Here are three authentic concerns from real world adoption of enterprise micro-blogging that my colleague Henrik Gustafsson has captured and which he also helped me answer. Some of these concerns might sound strange to long-time and frequent Twitter users, but you need to deal with these kinds of concerns when trying to facilitate broad adoption within an enterprise.

1. Platform hijack

“A few very active people have hijacked our internal micro-blogging platform”

Can a free and open platform such as a micro-blogging platform be hijacked by a few individuals?

My answer to this is no. And yes.

I answer no because the platform as such does not exclude people who want to participate. Anyone can grab the mike and join the conversation, or start a new one.

I answer yes because even though the platform does not impose any restrictions to participate, we might impose these kinds of restrictions by our attitudes and behaviors as individuals and/or collective. Though, the subjective feeling of not being included that some individuals might have does not necessarily mean that other people deliberately exclude them or don’t want them to participate.

The fact that some people are more active than others is no surprise and nothing strange. This is illustrated by the 90-9-1 principle, which claims that in social groups, some people participate more actively than others. Social participation tends to follow a 90-9-1 rule ((cc) Jake McKee & 90-9-1.com):


Everyone is free to participate if they want to, and choose how they want to participate. If someone just wants to listen, then fine. If someone wants to create, then just do it.

2. Emergent spam

”Some posts are beginning to look like spam.”

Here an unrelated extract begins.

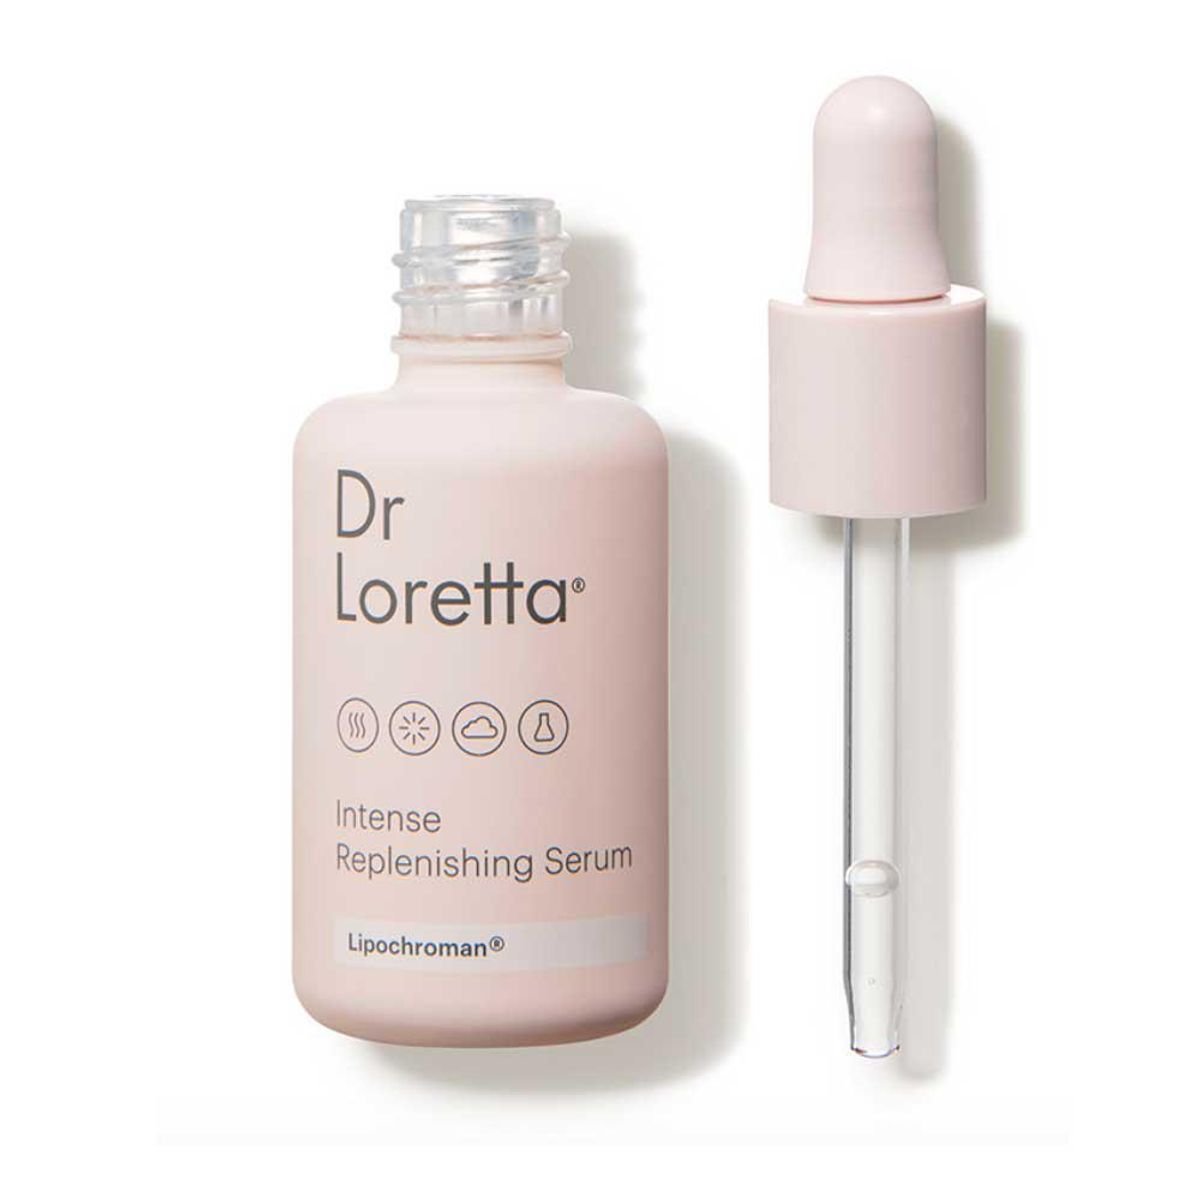 dr loretta intense replenishing serum

Does spam exist on a platform where it is each individual who chooses whom to follow and listen to, and where you can use tags to filter out the stuff that is relevant to you?

Yes, it does. Temporarily, until you adjust and fine-tune your filters. That is something you must learn to do, and to continuously. If someone you follow is mostly babbling about stuff you don’t really interested in, then unfollow that person. No damage done. Someone might start following you, and then choose to unfollow you. You need to do the same if you want to avoid a feeling of information overload (or spam if you like). That is the name of the game, and what you are doing is just calibrating your filters.

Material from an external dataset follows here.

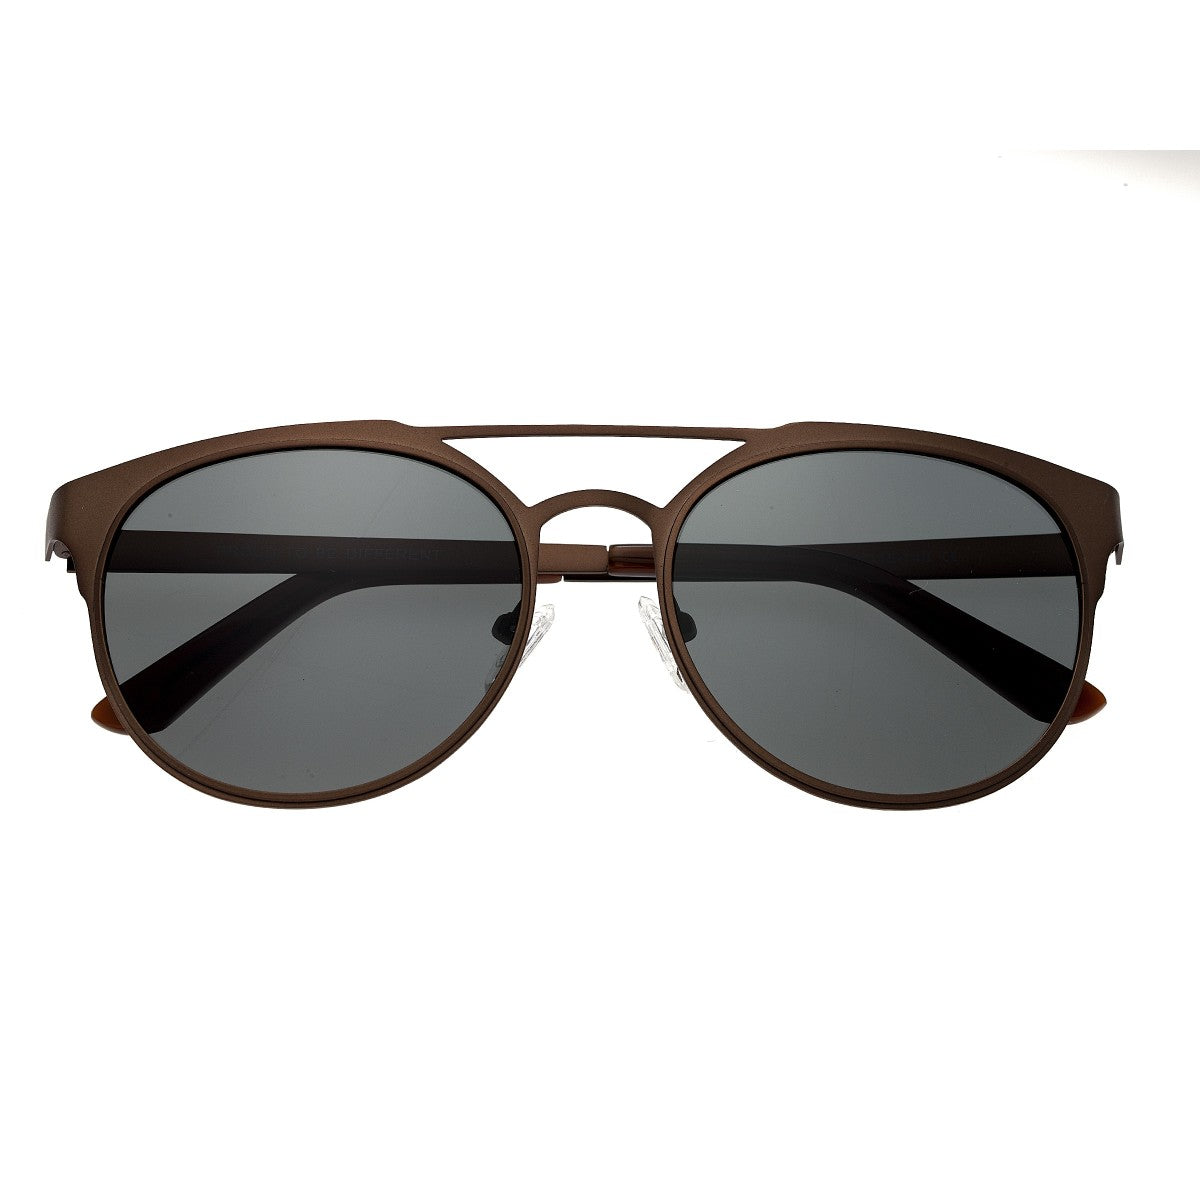 Breed Mensa Titanium Polarized Sunglasses - Brown/Black - BSG037BN

Anyone is free to opt in and opt out from any conversation that takes place in public. You need to choose which ones are important and valuable to you. No-one forces anyone to follow someone else. And you can’t (at least you shouldn’t) force anyone to follow you.

3. The risk of being misunderstood

“What if I will be misunderstood?”

All communication brings a risk of being misunderstood. That is because the purpose of the communication is to be understood. If the communication fails, it means per definition that you have been misunderstood.

The graphic “10 levels of intimacy” below by Ji Lee can be used to illustrate a communication continuum from the most intimate way to communicate to the least intimate.

Twitter, and most other micro-blogging platforms, is by this way of seeing it the least intimate way we have to communicate with each other. Whatever you communicate on this platform can seen by anyone; both people you don’t know and people you do know. This includes your boss, and even the CEO. Some people feel that they might say something that will haunt them throughout their career, that they will be misunderstood and will have no way to correct this. I’ve discussed this aspect in a previous post called “Internal micro-blogging can be intimidating”.

Even though micro-blogging is the least intimate way of communicating according to the graphic above and text is not a rich media, micro-blogging is also interactive and immediate. You can have a conversation and you can immediately clarify anything that might be misunderstood. Other people can help you do that by giving you feedback and clarifying your message in a dialog. The original message will also be displayed in context of your clarifications and the other pieces of the conversation. The end result of such a conversation is most likely a higher degree of understanding than what you can achieve with other common ways to communicate, such as email and SMS.

Most humans are risk-avert. We tend to overestimate the risks and underestimate the benefits. It is only natural that some of us are terrified by the risk of being misunderstood when using a new way to communicate. And they will be misunderstood, just like all the rest of us occasionally are. But those mistakes are soon both corrected and soon forgotten. Although we must all estimate the risk of being misunderstood and think about the ways how we can mitigate that risk, we should not forget to estimate the value of being understood and thereby maybe helping and being helped by others, and learning from each other so that we can perform better both as individuals, teams and collective.